• _SUPPLIED INFORMATION_:
*** Block opens ***
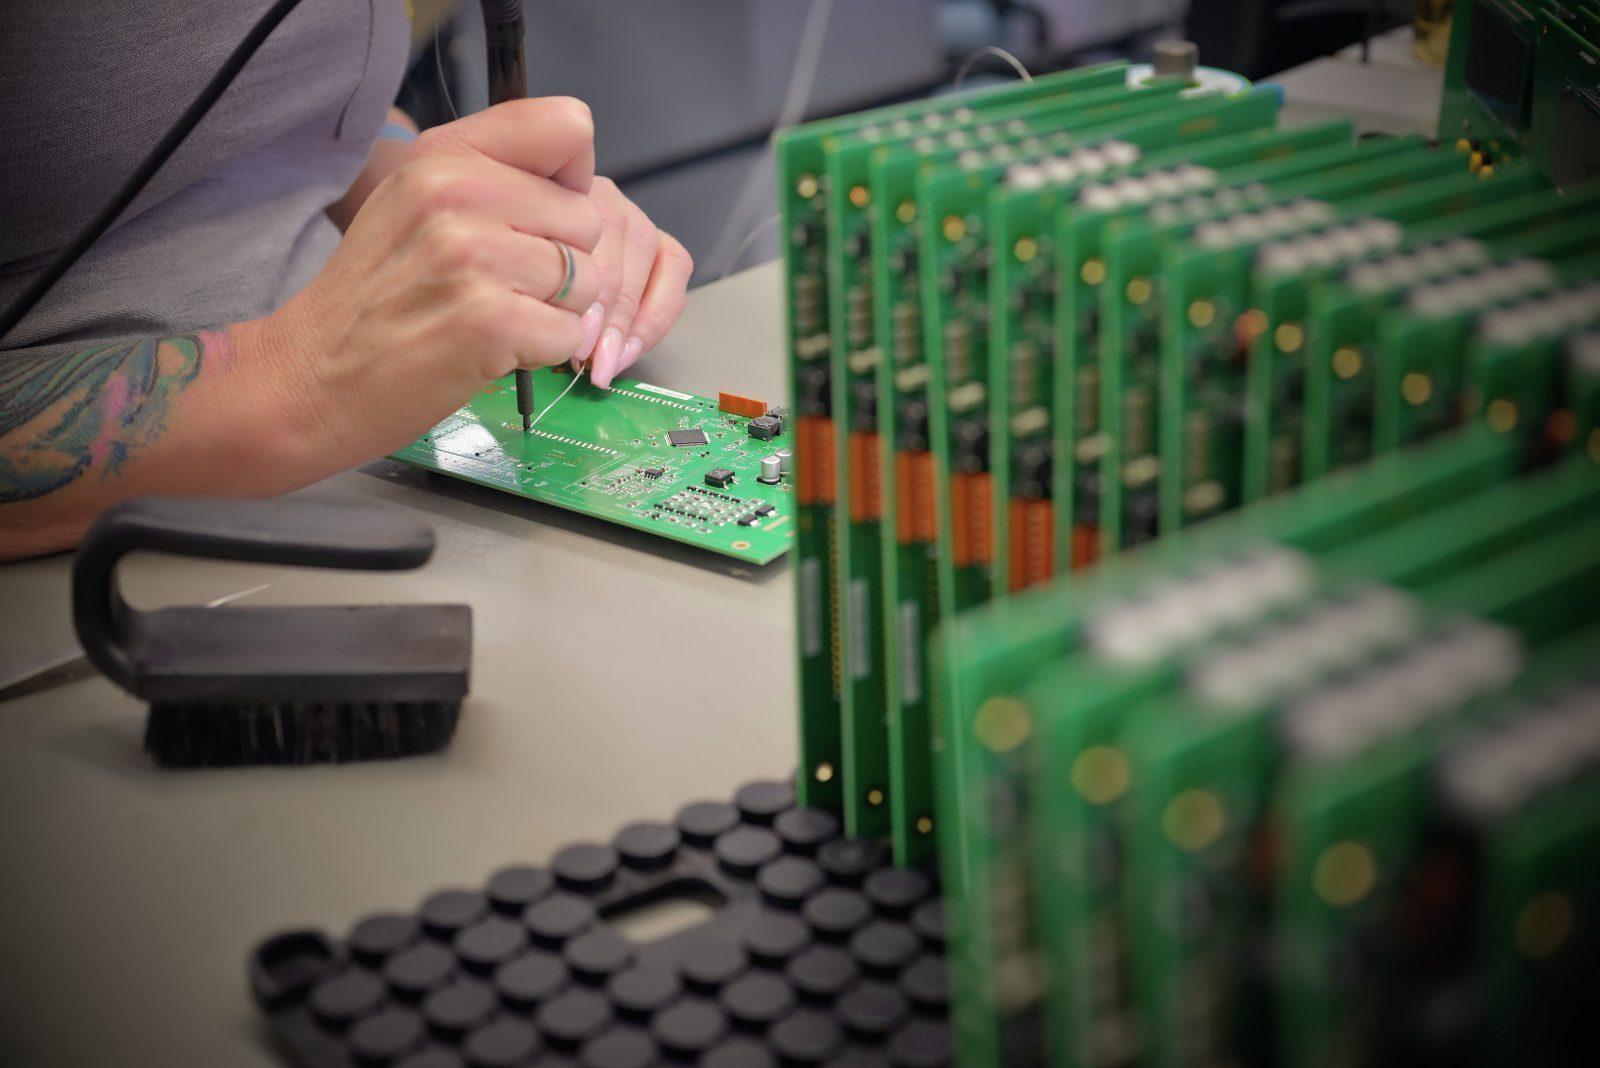 Handbestueckung Loeten zusätzlicher Bauteilen auf fertiger SMT Leiterplatte IMGP Idea   ji k
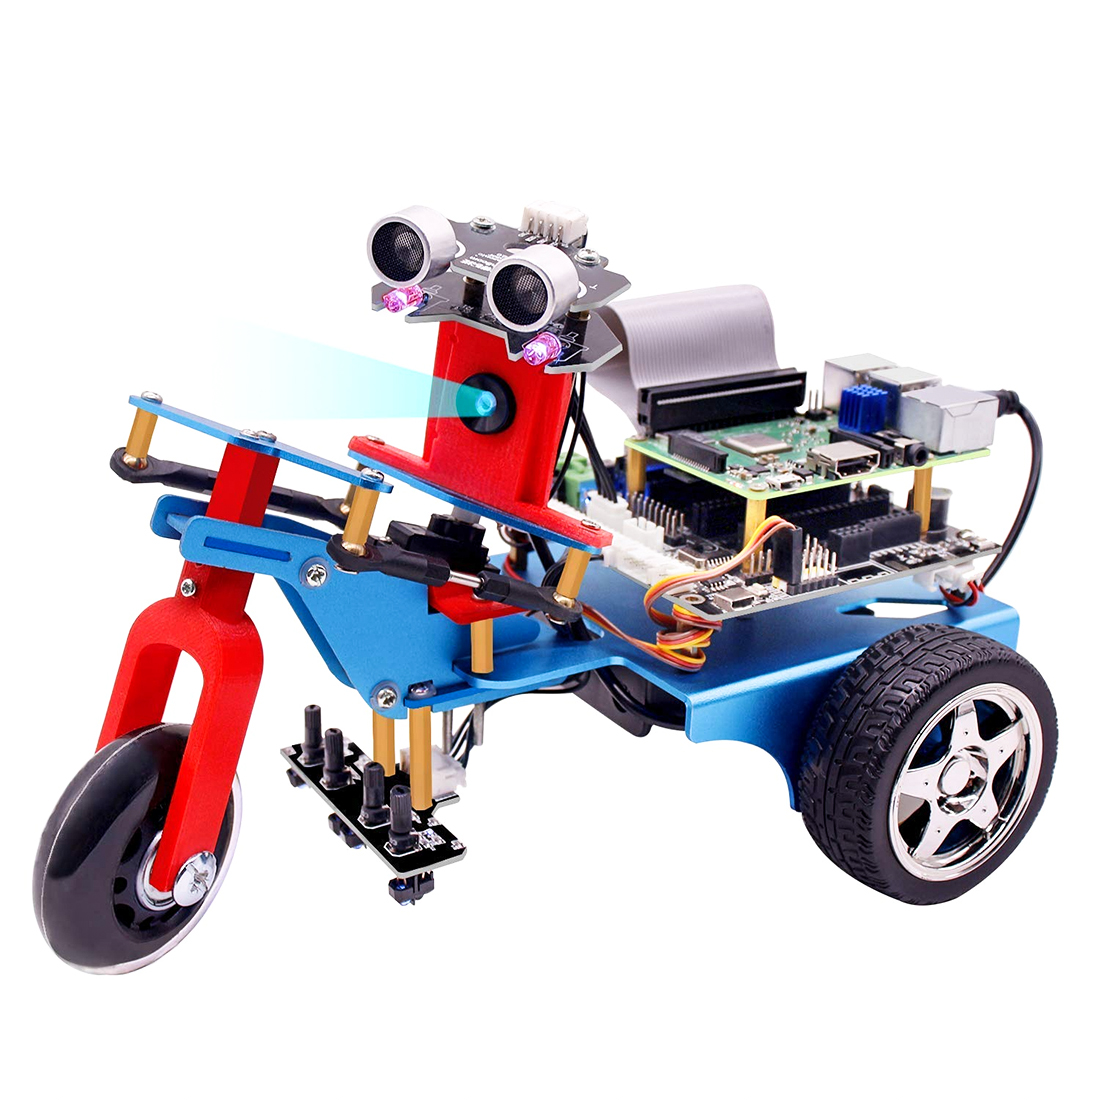 Three-Wheeled Car Shape Smart Robot Car Kit DIY Programmable Robot Kit For Raspberry4/1G(Including:Raspberry Pi)(Pi Not Include)
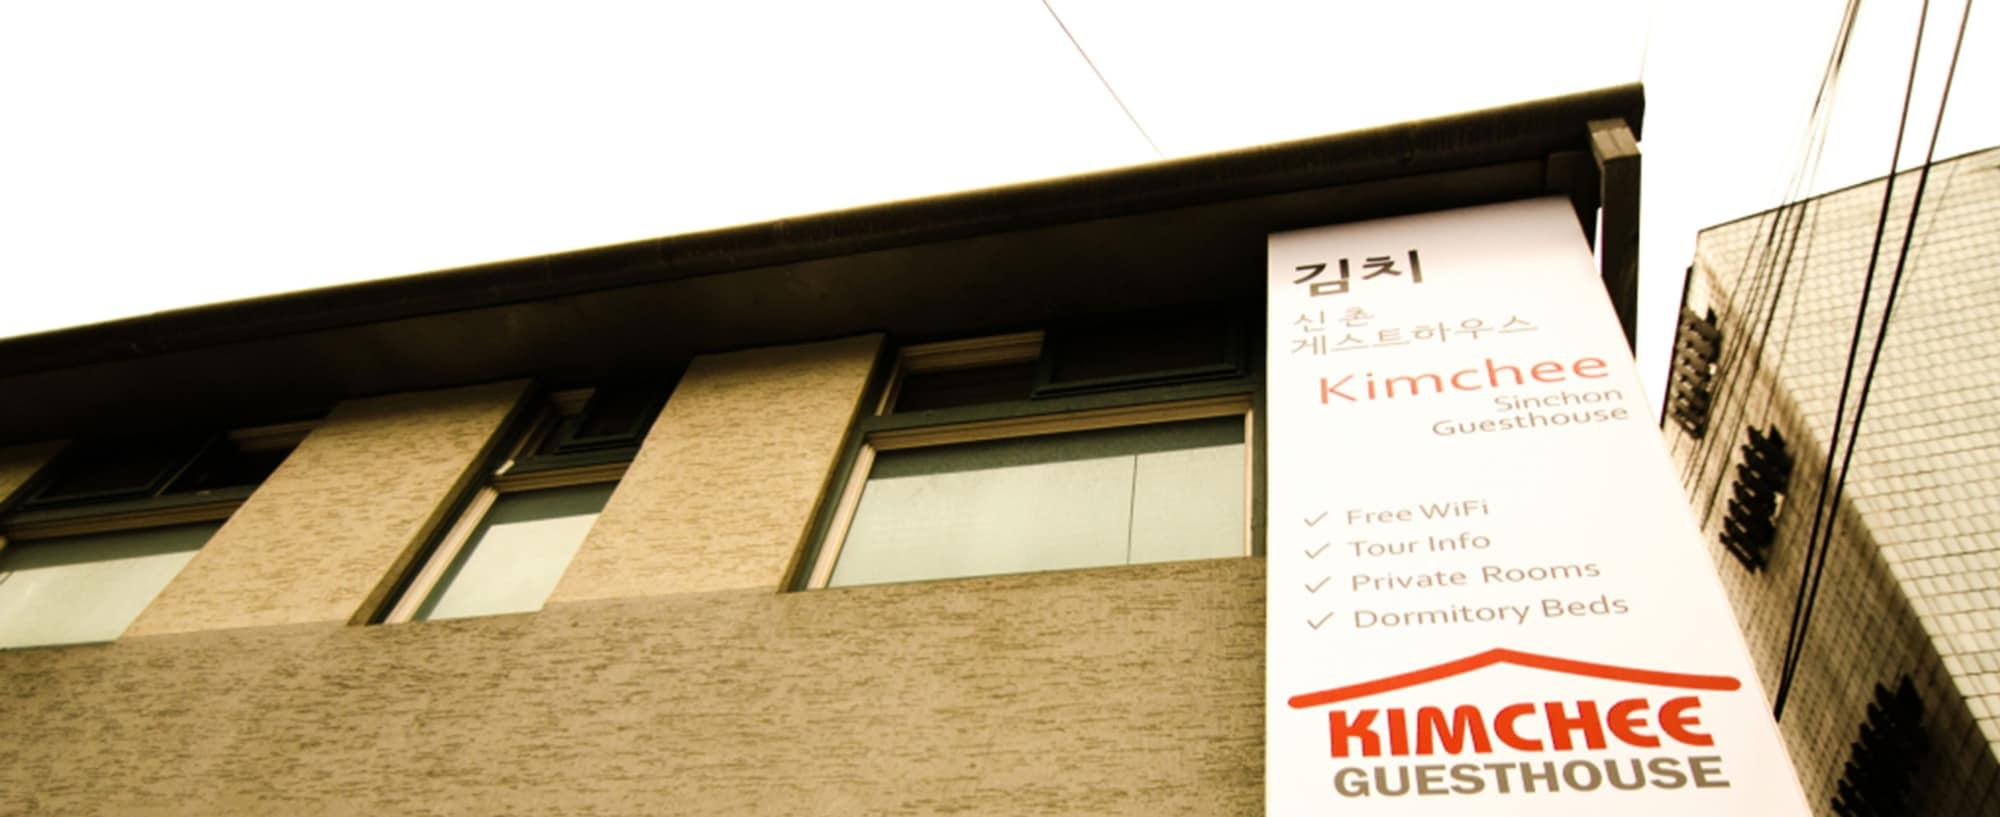 Kimchee Sinchon Guesthouse - Hostel, Seodaemun
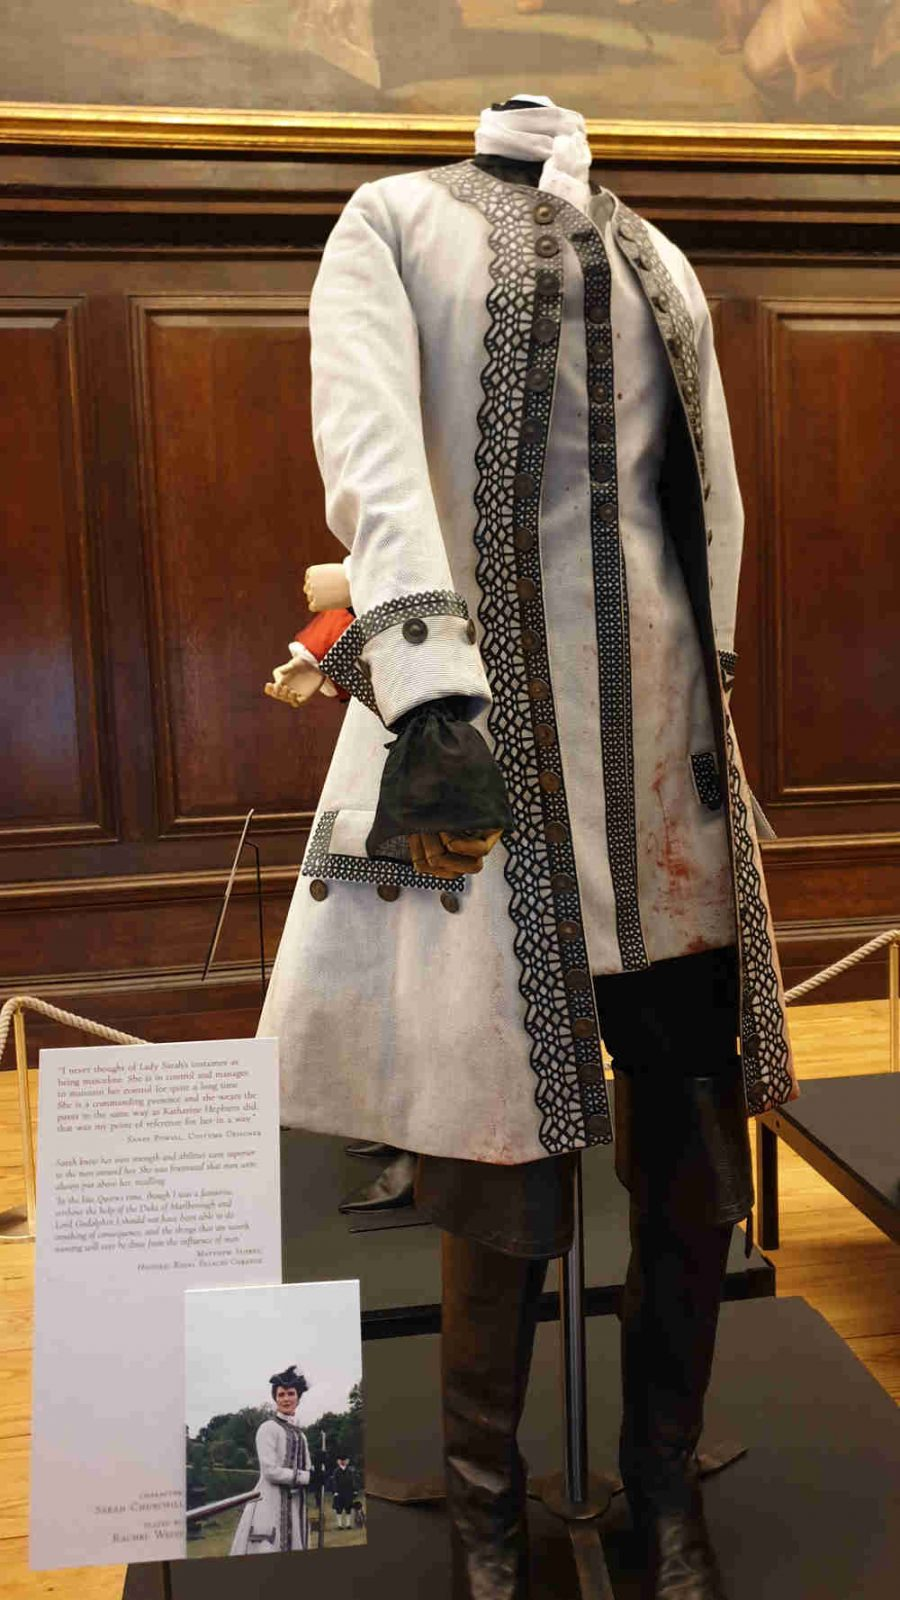 The Favourite, Costumes, Hampton Court Palace, Queen Anne, Rachel Weisz, riding outfit
*** Block closes ***
• _PROMPT_: Leave the pictures out and retype only the lines from the line with "Kimchee Sinchon Guesthouse" through the final line of the material, both ends included, word for word.

• _EXERCISE RESULT_:
 Kimchee Sinchon Guesthouse - Hostel, Seodaemun
 The Favourite, Costumes, Hampton Court Palace, Queen Anne, Rachel Weisz, riding outfit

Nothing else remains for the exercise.